[Task objective]:
Here is a listing. Write it all out again exactly, but not its pictures.

[Collected material]:
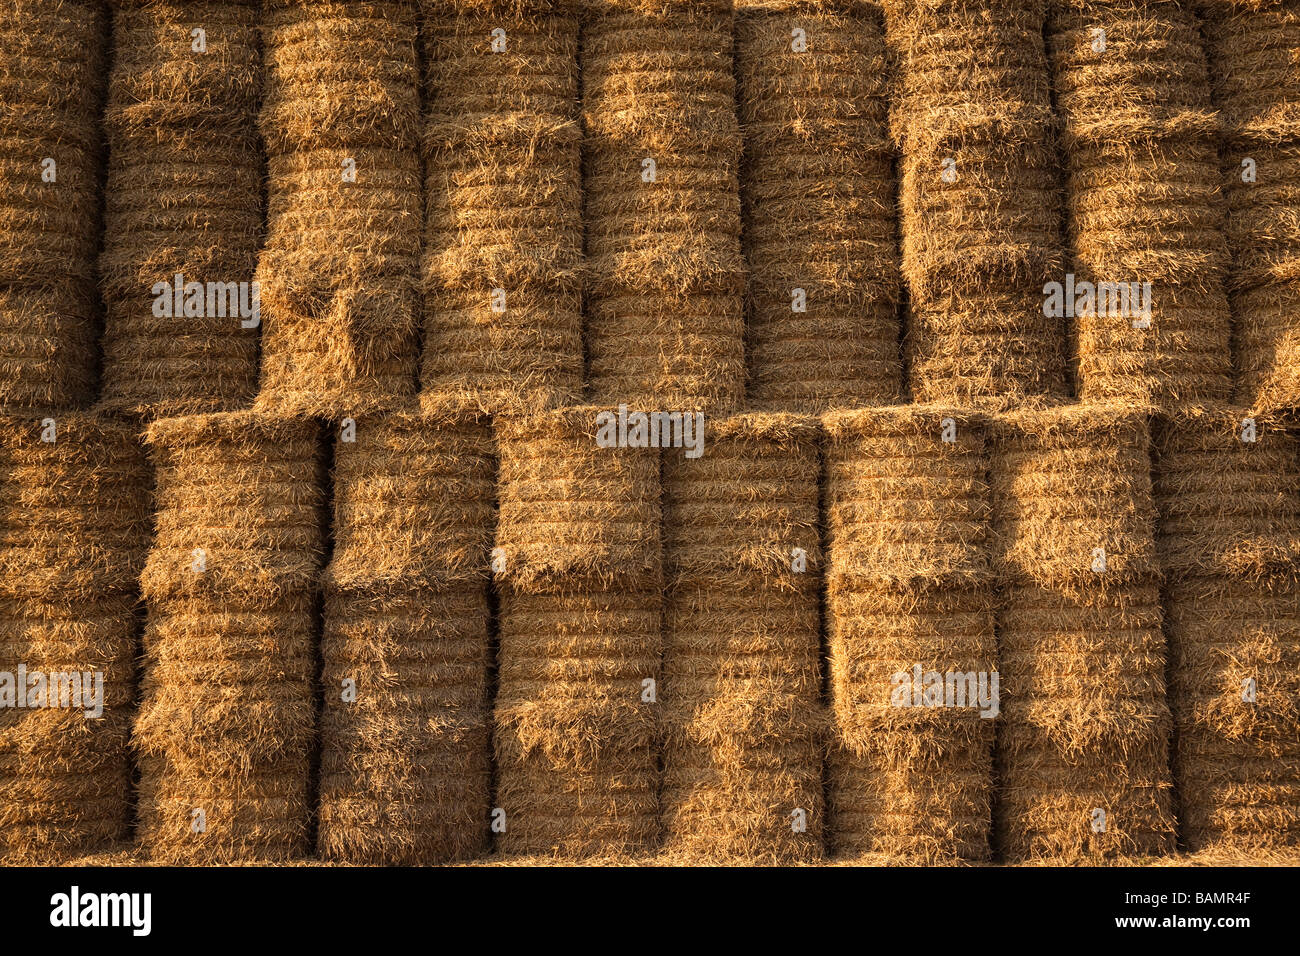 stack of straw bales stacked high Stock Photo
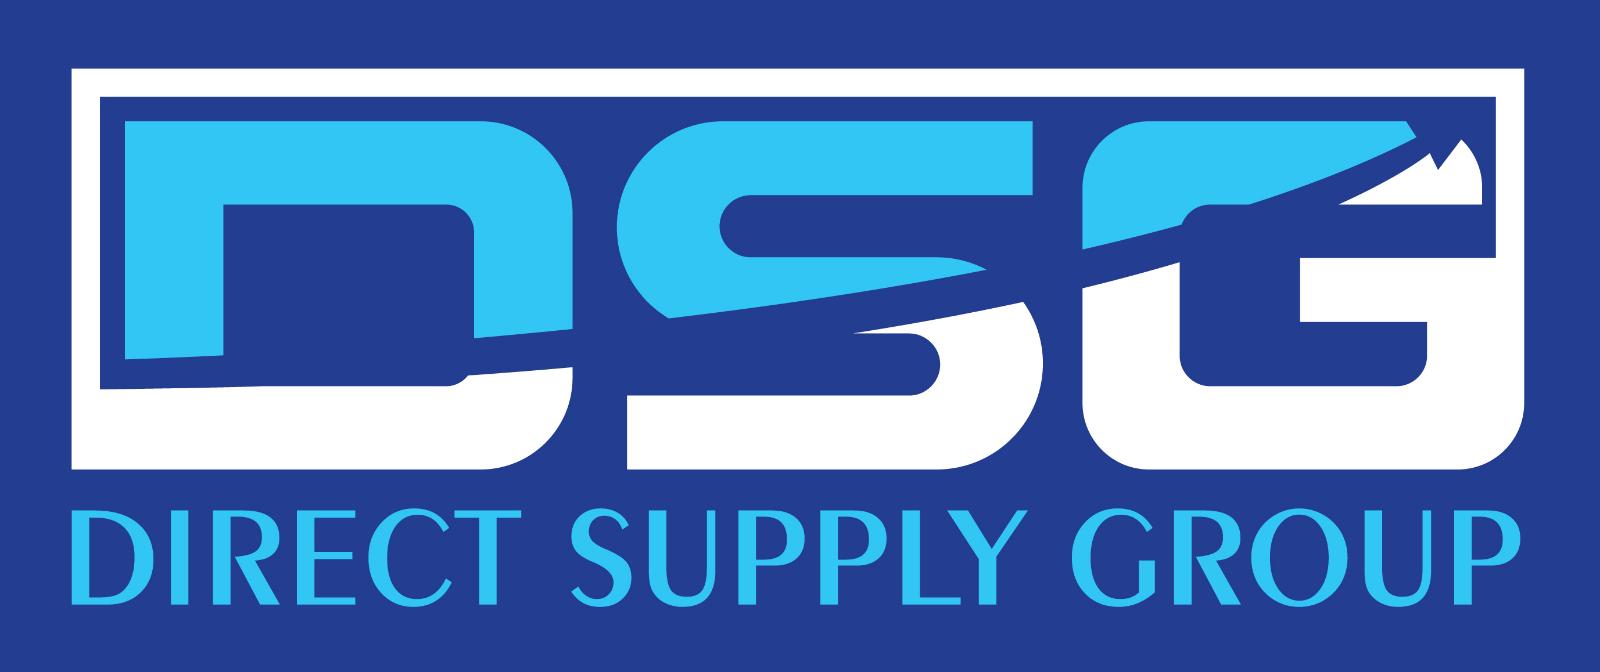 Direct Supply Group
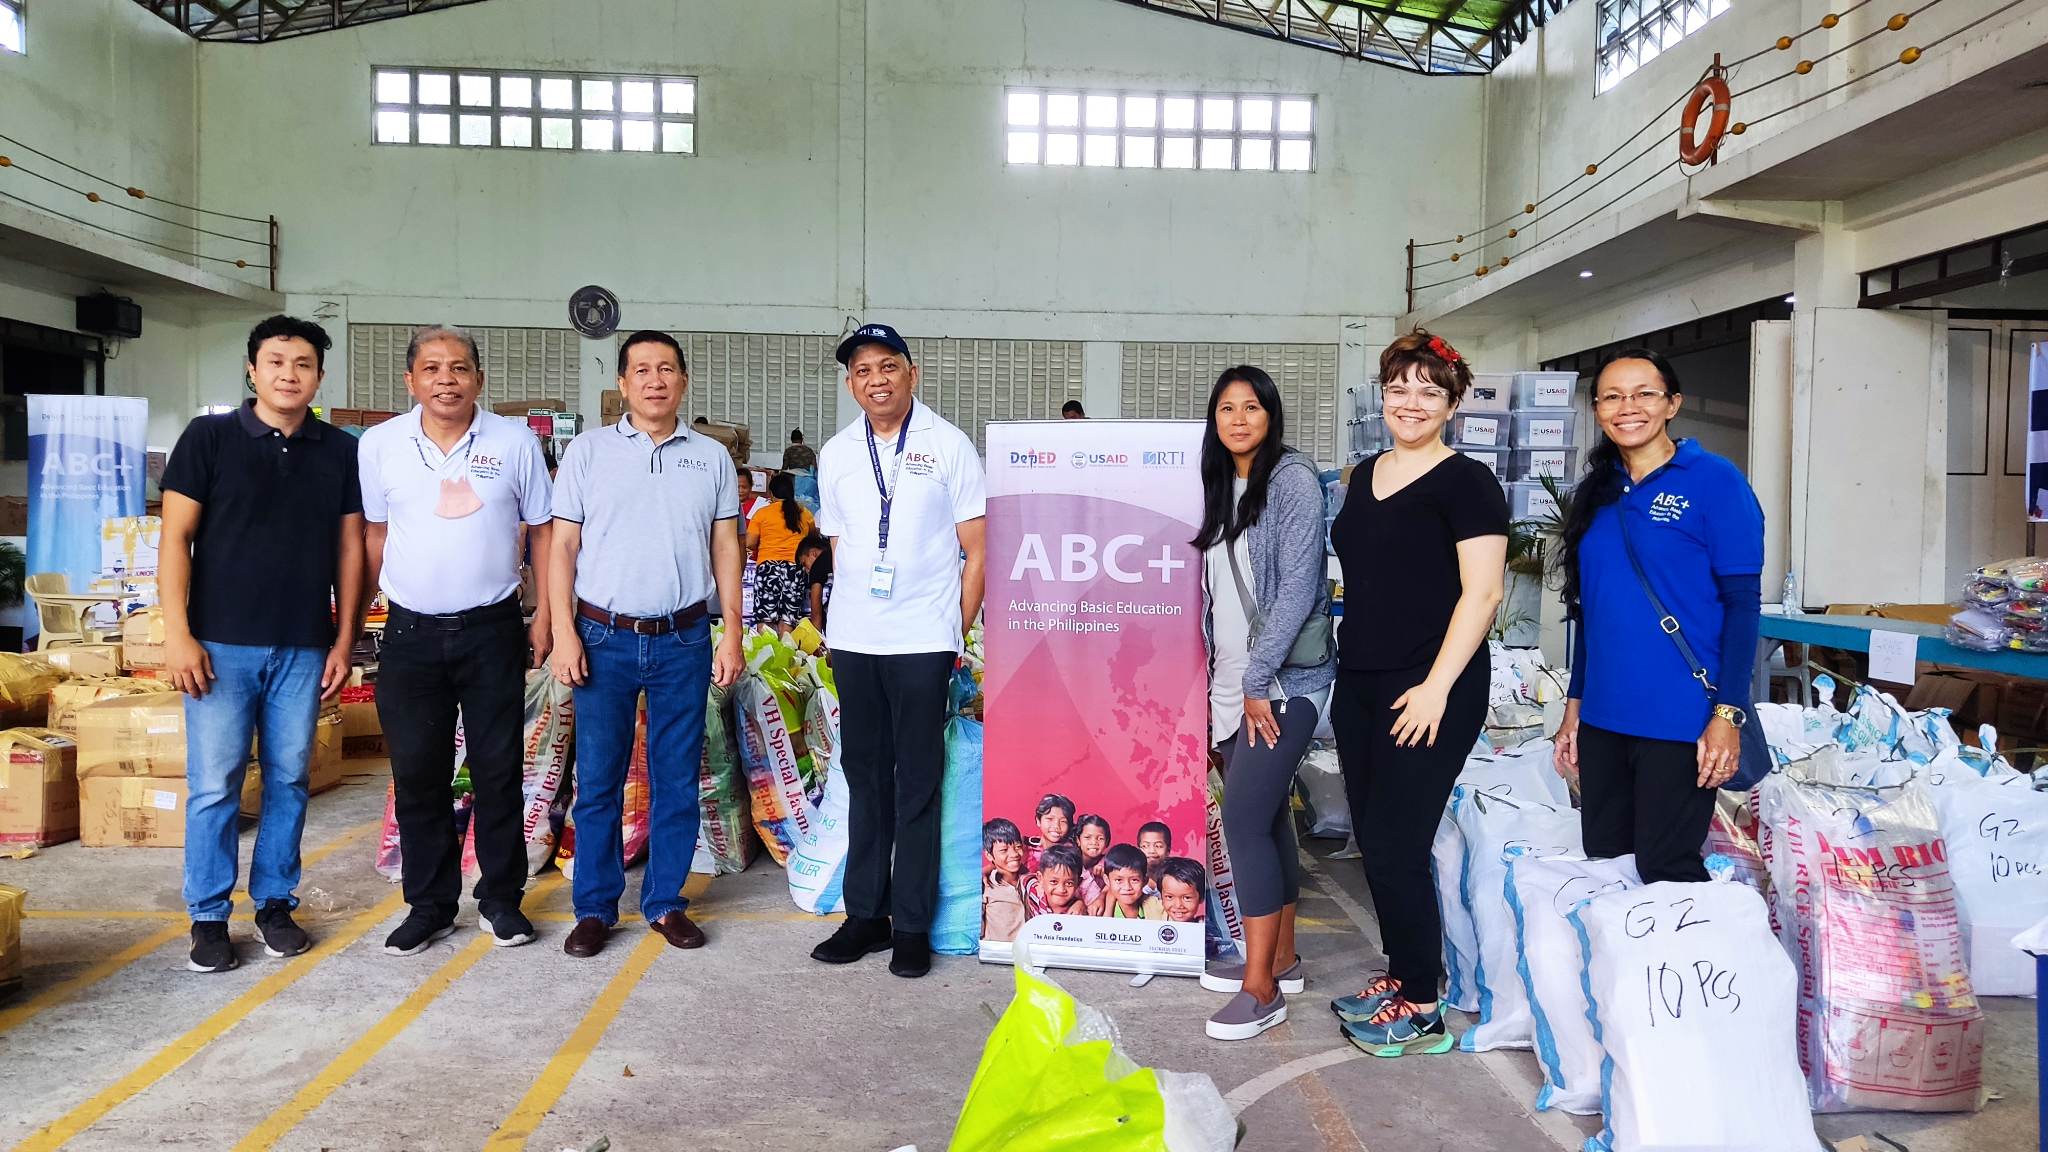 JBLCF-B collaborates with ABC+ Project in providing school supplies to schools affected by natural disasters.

[Result of this task]:
 stack of straw bales stacked high Stock Photo
 Direct Supply Group
 JBLCF-B collaborates with ABC+ Project in providing school supplies to schools affected by natural disasters.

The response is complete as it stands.